EXERCISE REQUIREMENTS> Return each line of the data below verbatim; pictures are to be left out.

DATA>
= = = = =
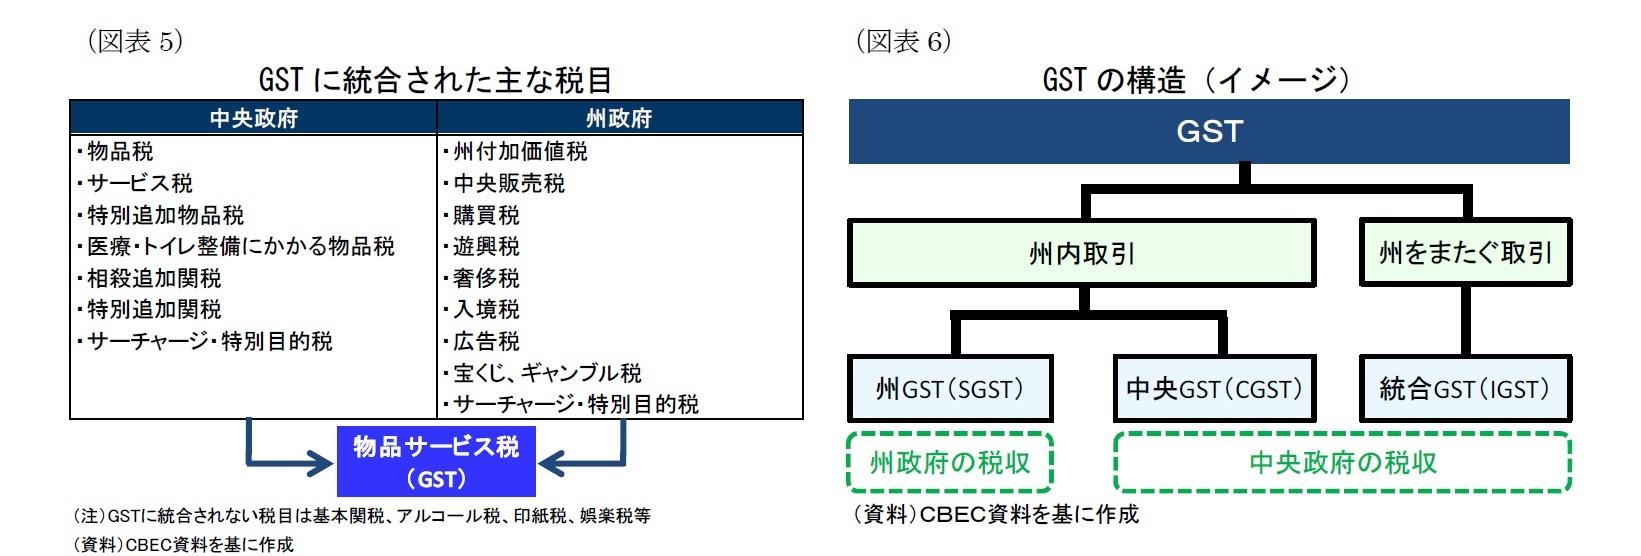 (図表5)GST に統合された主な税目/(図表6)GST の構造(イメージ)
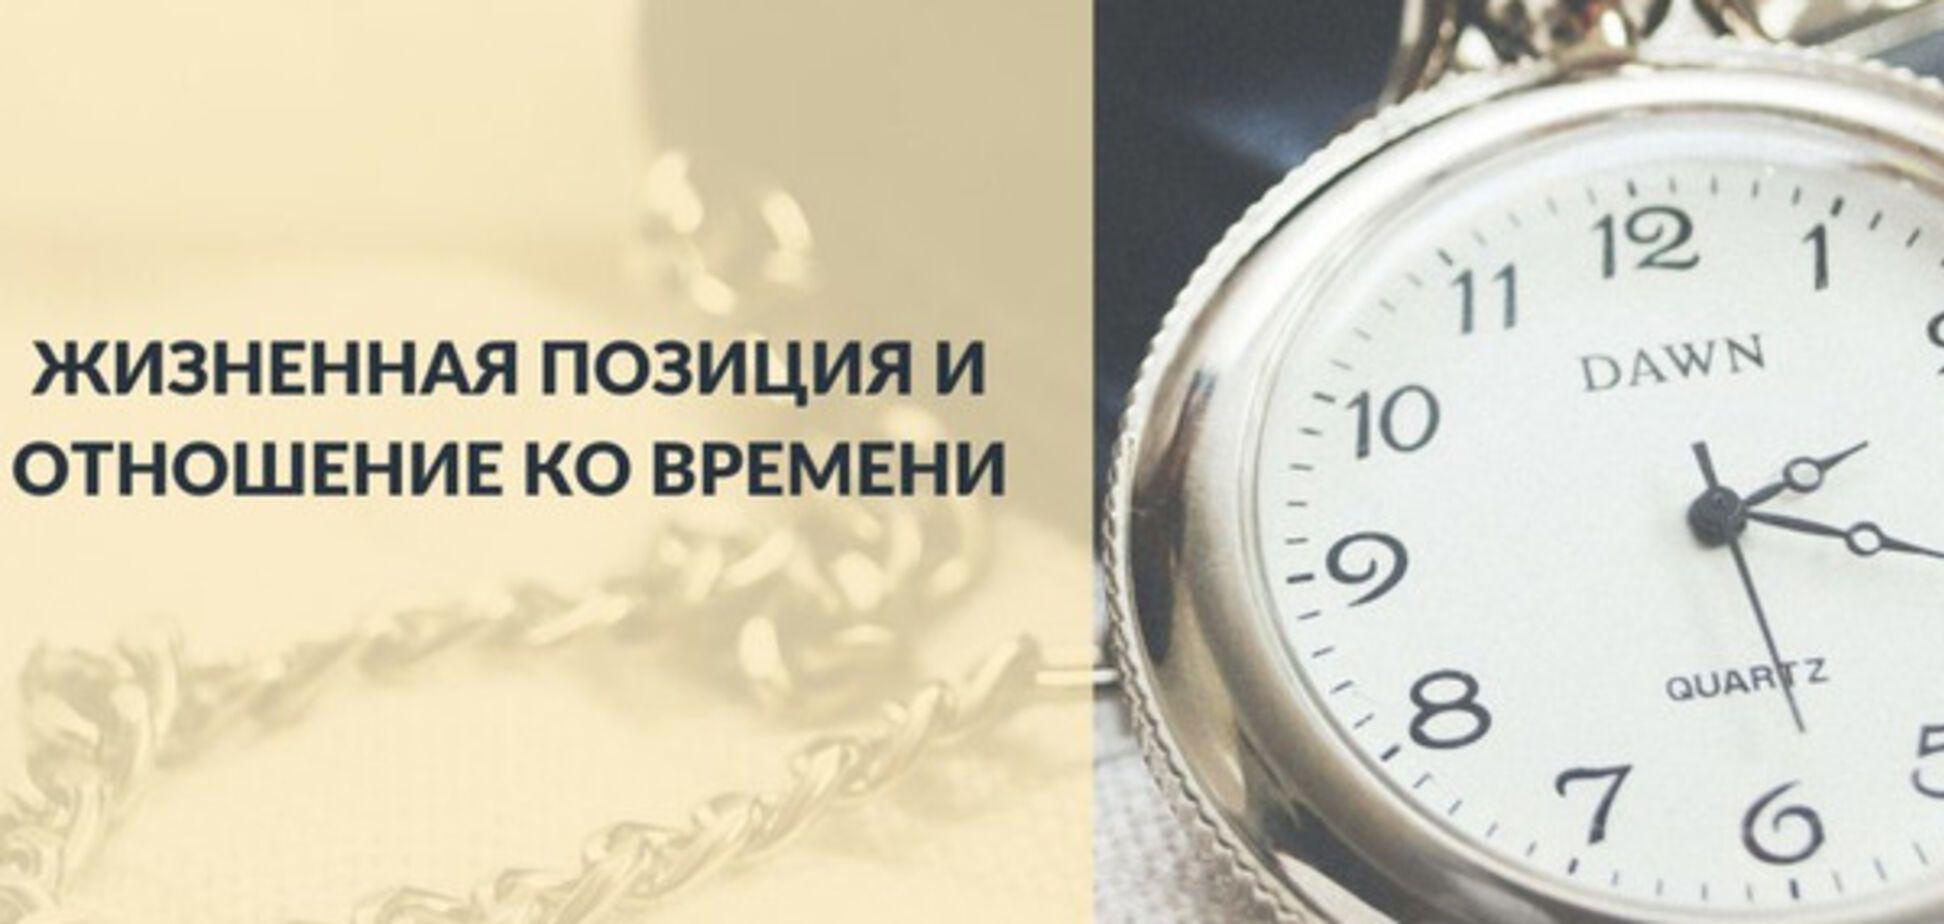 Не спеши, а то успеешь: куда потратить время
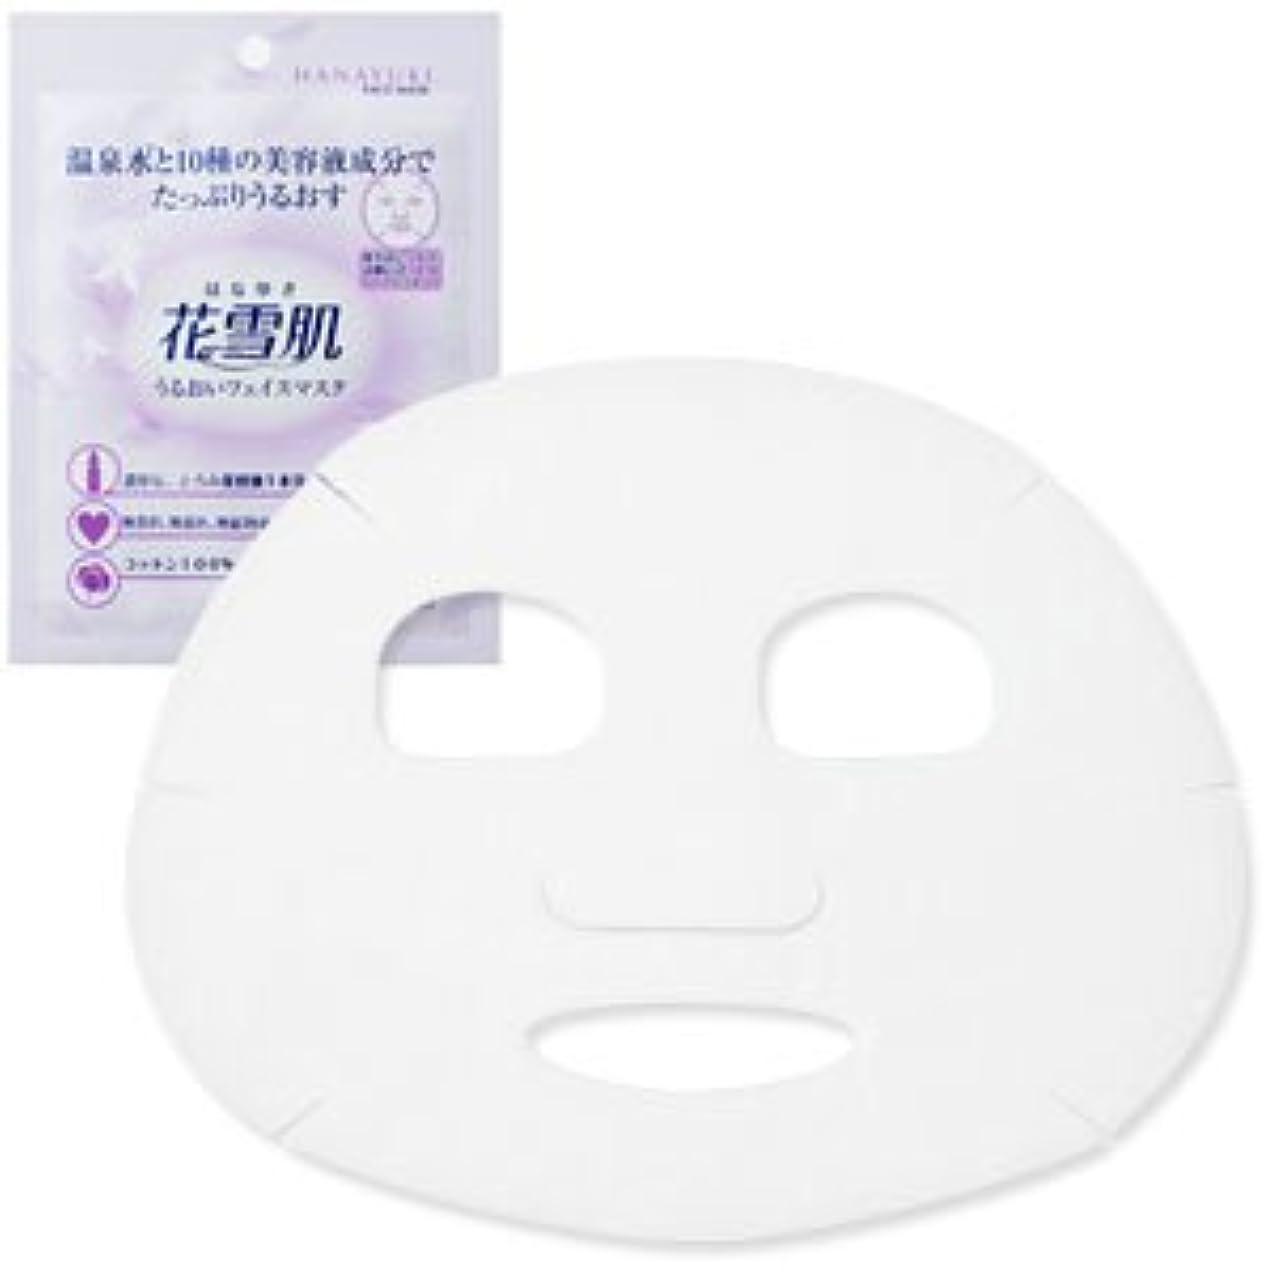 百テスト個人的に花雪肌 うるおいフェイスマスク 10枚セット [10種類の美容液成分を配合] ヒアルロン酸 コラーゲン フェイスパック
= = = = =
ANSWER SPACE>
 (図表5)GST に統合された主な税目/(図表6)GST の構造(イメージ)
 Не спеши, а то успеешь: куда потратить время
 百テスト個人的に花雪肌 うるおいフェイスマスク 10枚セット [10種類の美容液成分を配合] ヒアルロン酸 コラーゲン フェイスパック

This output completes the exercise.